Today was the day that Parliament voted on the Conservatives Gotcha! motion about the Canada-Alberta pipeline MOU.
Poilievre stepped on a rake while Carney skated through it.
Conservative Leader Pierre Poilievre’s effort to get the House of Commons to vote in support of a new oil pipeline failed after Liberals refused to back an endeavour they described as a divisive political stunt....Dale Smith explains the basic problem:
During Question Period, Mr. Carney pushed back on Mr. Poilievre for not supporting all of what Alberta had agreed to, and said that if the Conservative Leader did support it, he would have included the entirety of the MOU in the motion.
“I am not a lifelong member of this House, so I don’t know all the rules but I do not think there is a limit on the size of motions,” Mr. Carney said.
The NDP and Bloc Québécois had said earlier Tuesday they would vote against the motion.
Interim NDP Leader Don Davies – who called the pipeline bad for the country – said that given the Conservatives’ mid-debate amendments, the motion amounted to a political game.
“We’re talking about a multibillion dollar issue that has incredible consequences for people across this country, and the fact that the Conservatives couldn’t get their own motion right I think says something about their motivations,” he said....

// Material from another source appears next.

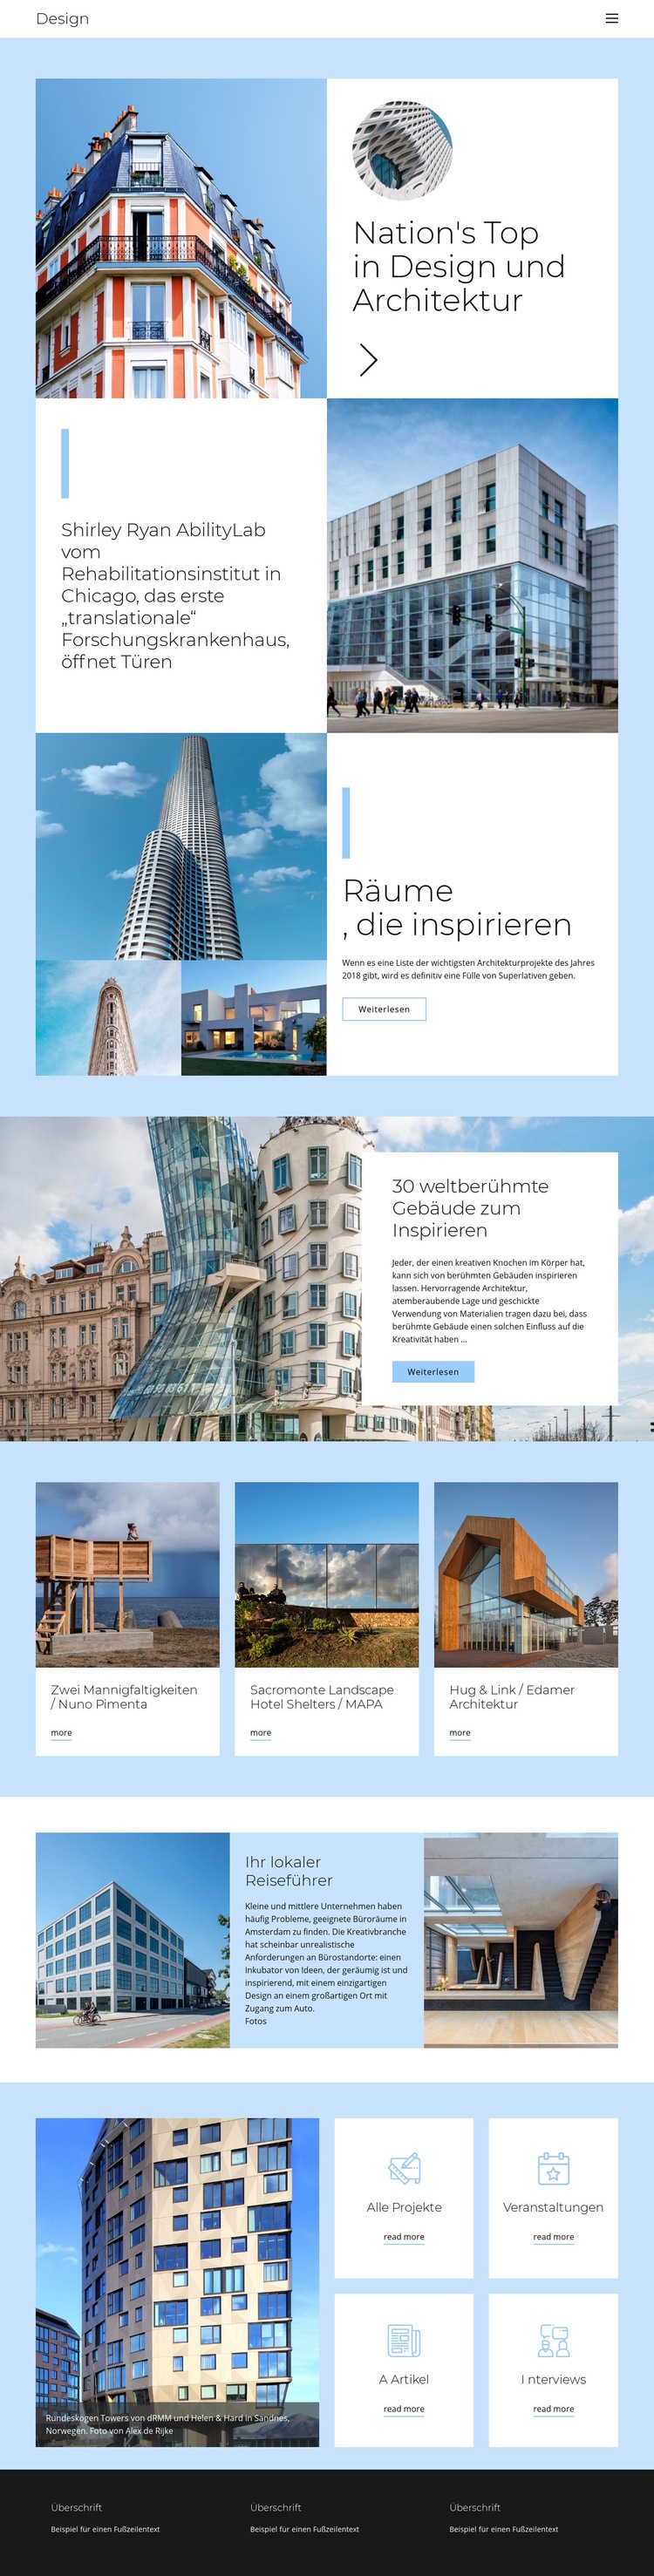 Architektur Stadtführer Website-Modell
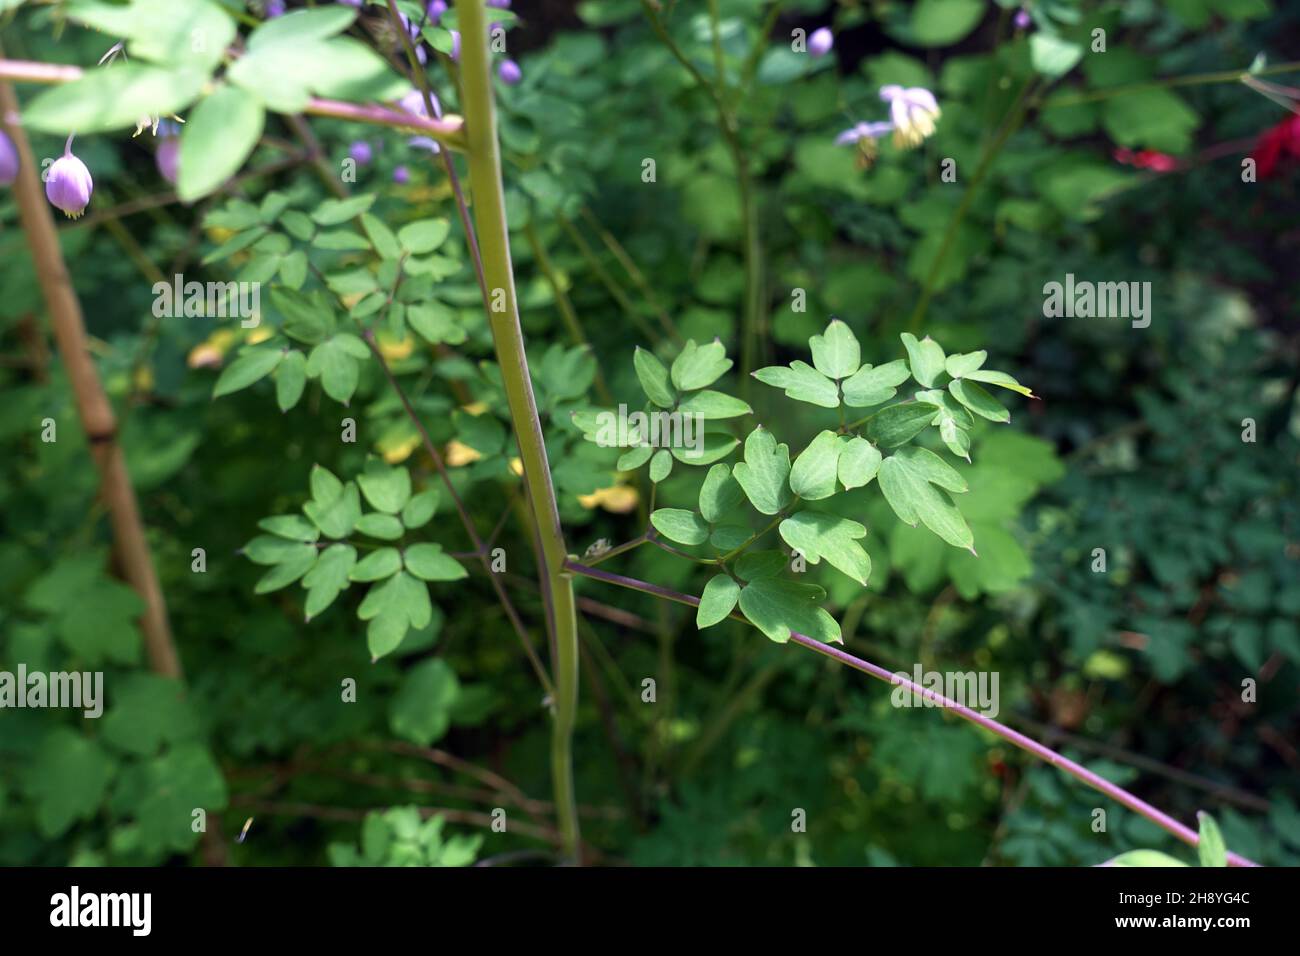 Thalictrum delavayi (syn. Thalictrum dipterocarpum), Chinesische Wiesenraute, China-Wiesenraute - Blätter, Nordrhein-Westfalen, Deutschland, Köln - Th Stock Photo

...The MOU states a “private sector constructed and financed pipelines, with Indigenous Peoples co-ownership and economic benefit, with at least one million barrels a day of low emission Alberta bitumen with a route that increases export access to Asian markets as a priority” whereas the motion simply says “pipelines enabling the export of at least one million barrels a day of low-emission Alberta bitumen from a strategic deepwater port on the British Columbia coast to reach Asian markets,” and adds “respecting the duty to consult Indigenous people.” One of these things is not like the other....
The thing we need to remember in all of this is not the shenanigans, or the Conservatives thinking they’re too clever, or any of that—rather, it’s that they think they can ram through these projects without Indigenous consent. Sure, they’ll talk about “meaningful consultation,” but consultation is not consent, and in their press releases, consent is never mentioned, nor is even consultations. That’s not realistic, nor even legal in the current framework. Of course, they also think a new pipeline will “unblock the trillions of dollars of privatesector energy investment to produce more oil and gas, build profitable pipelines and ship a million barrels of oil to Asia a day at world prices.” My dudes—this is a post-2014 world. It’s not going to be trillions of dollars, and world oil prices are tanking because of a supply glut. All of this is fantasyland...
Prime Minister Carney flips the script on Poilievre: "I don't think there's a limit on the size of motions. And in fact, since the MOU is already translated, I think it would be very easy to take the entire MOU in both official languages and propose them."